Now I can say the same thing with data, and with a better sense of the nuances. And once we see these habits clearly, we can stop managing agents on vibes and start steering them on evidence.

With newer models and a maintainer

I wanted to replicate this chart for Opus 4.6 and GPT-5.4, but the SWE-Bench Pro trajectories (or any other SWE-agent trajectories) for them are unavailable. I then remembered that Mario Zechner has been publishing his Pi trajectories on Hugging Face, and downloaded them.

Luckily, he works through GitHub issues methodically. Each session is one issue, and one model. It kicks off with the same analysis prompt, waits for his go ahead, there is a varied amount of steering to address it, and then he wraps up explicitly to ship a fix, close the issue, leave a triage comment, and so on. Each one starts with git work (read the PR, read the comments) and ends with git work (push the change, close the issue, or do the final triage), with the source-editing loop in between.

While the issue fixes make for similar trajectories to SWE-Bench Pro, I’m still changing the models, harness, and adding a maintainer, so this is not exactly an apples-to-apples comparison. To keep the trajectory-shape comparison closer to the benchmark, the Pi panels below use only the strict single-model sessions whose final title starts with Issue:. That said, the observations from the previous section still hold. The bars below each Pi panel give a rough sense of where Mario is steering more during the run; taller bars mean more intervention around that part of the trajectory. The labels mark Mario’s go ahead and wrap up moments ().
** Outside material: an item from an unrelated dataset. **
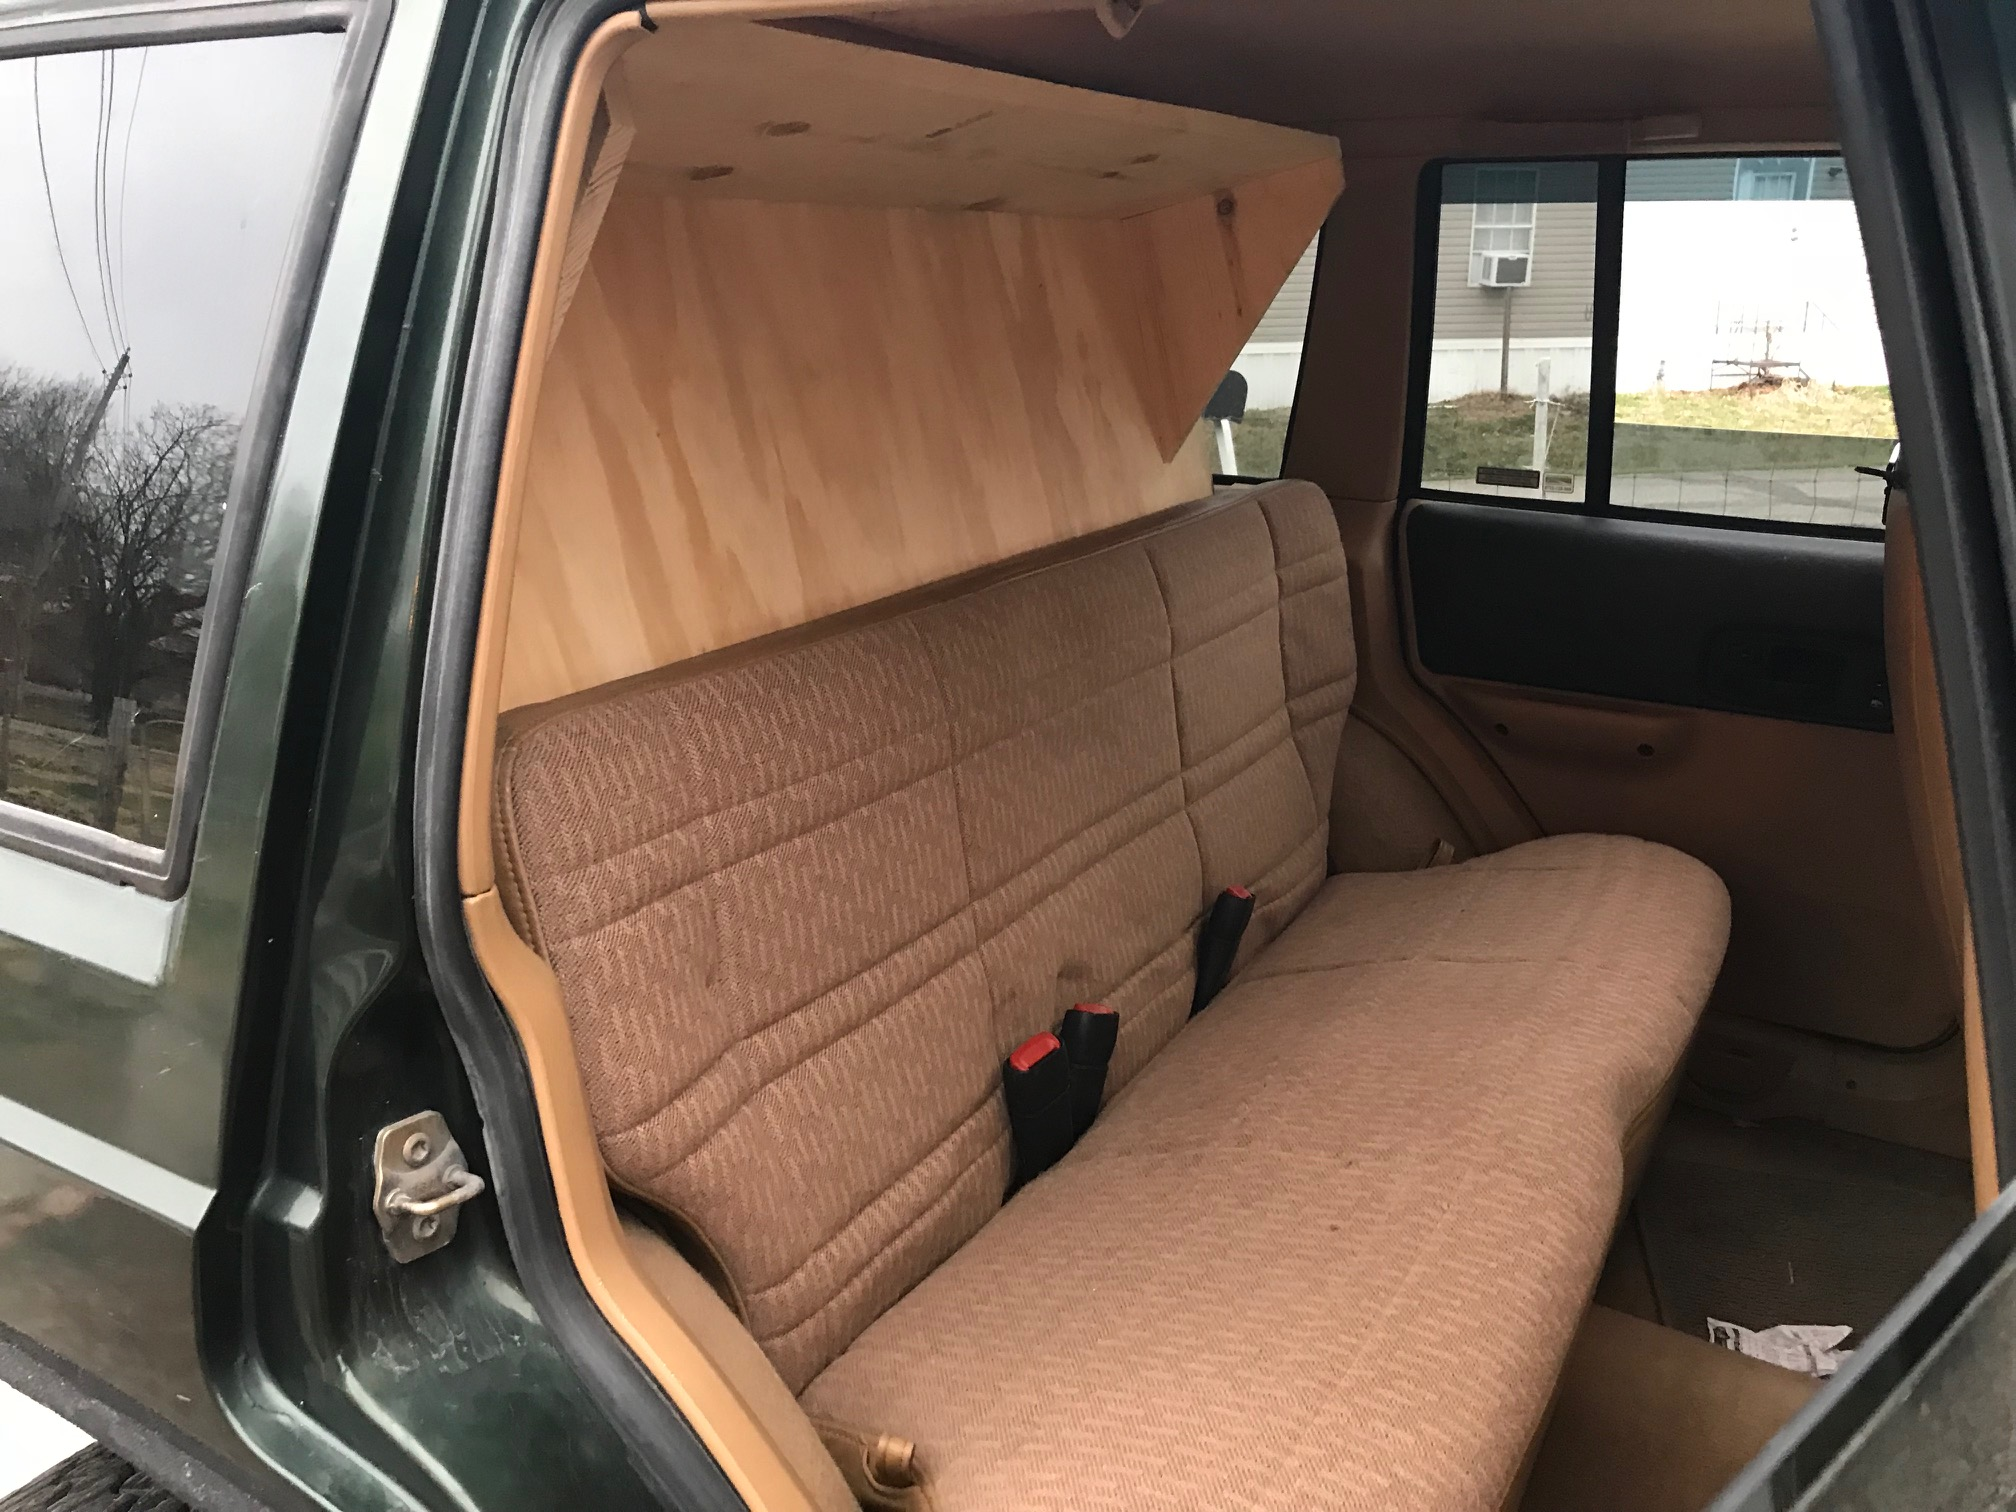 jeep xj cherokee cargo storage sleeping platform folding rear seat

I think it’s likely that the explicit analysis prompt is pushing the understand phase to be longer. The first edit is pushed from 35% to 47%. After that, there’s a fair amount of steering, QA, critique, and validation, with verify + edit cycles, after which it wraps up. The push to verify in the SWE-agent prompt likely causes the benchmark trajectory to go on longer, and is fairly redundant.

As with Claude, the analysis prompt makes GPT go on even longer, pushing the first edit from 50% to 63%. However, the edit duration has reduced significantly from 40% to 23%. I suspect this is a combination of the model upgrade and Mario’s steering towards “minimal” and “concise” solutions.

Why compare trajectory shapes?

Trajectories are traces of learned workflows. RL shapes both micro preferences, like which tools a model uses, and macro preferences, like the overall workflow it follows from problem statement to verified solution. To study those macro patterns, one trajectory is not enough; you need a corpus. And to compare a corpus, you need normalization. So, each trajectory is mapped onto the same 0–100% start-to-finish frame so that the aggregate shape reflects the learned workflow. For instance, see the difference in trajectory lengths of the SWE-Bench Pro:

Mean steps as the dot, p25–p75 as the bar, on a fixed 0–100 scale.

0 50 100
steps
SWE agent Sonnet 4.5
730 tasks · 43.7% resolved
77.5
63–89
SWE agent GPT-5
730 tasks · 36.3% resolved
59.5
34–76
Mario + Pi · Opus 4.5/4.6
49 sessions · 98.0% completed
30.9
16–35
Mario + Pi · GPT-5.4
77 sessions · 96.1% completed
40.6
27–52

Further, tool calls are normalized by structural intent rather than literal tool identity, so that equivalent actions can be compared across harnesses. In this study, I normalised tool calls across SWE-agent and Pi, and the table below documents that taxonomy.

So, if you recognize these patterns in your agents, and they don't fit your task at hand, you could steer them accordingly.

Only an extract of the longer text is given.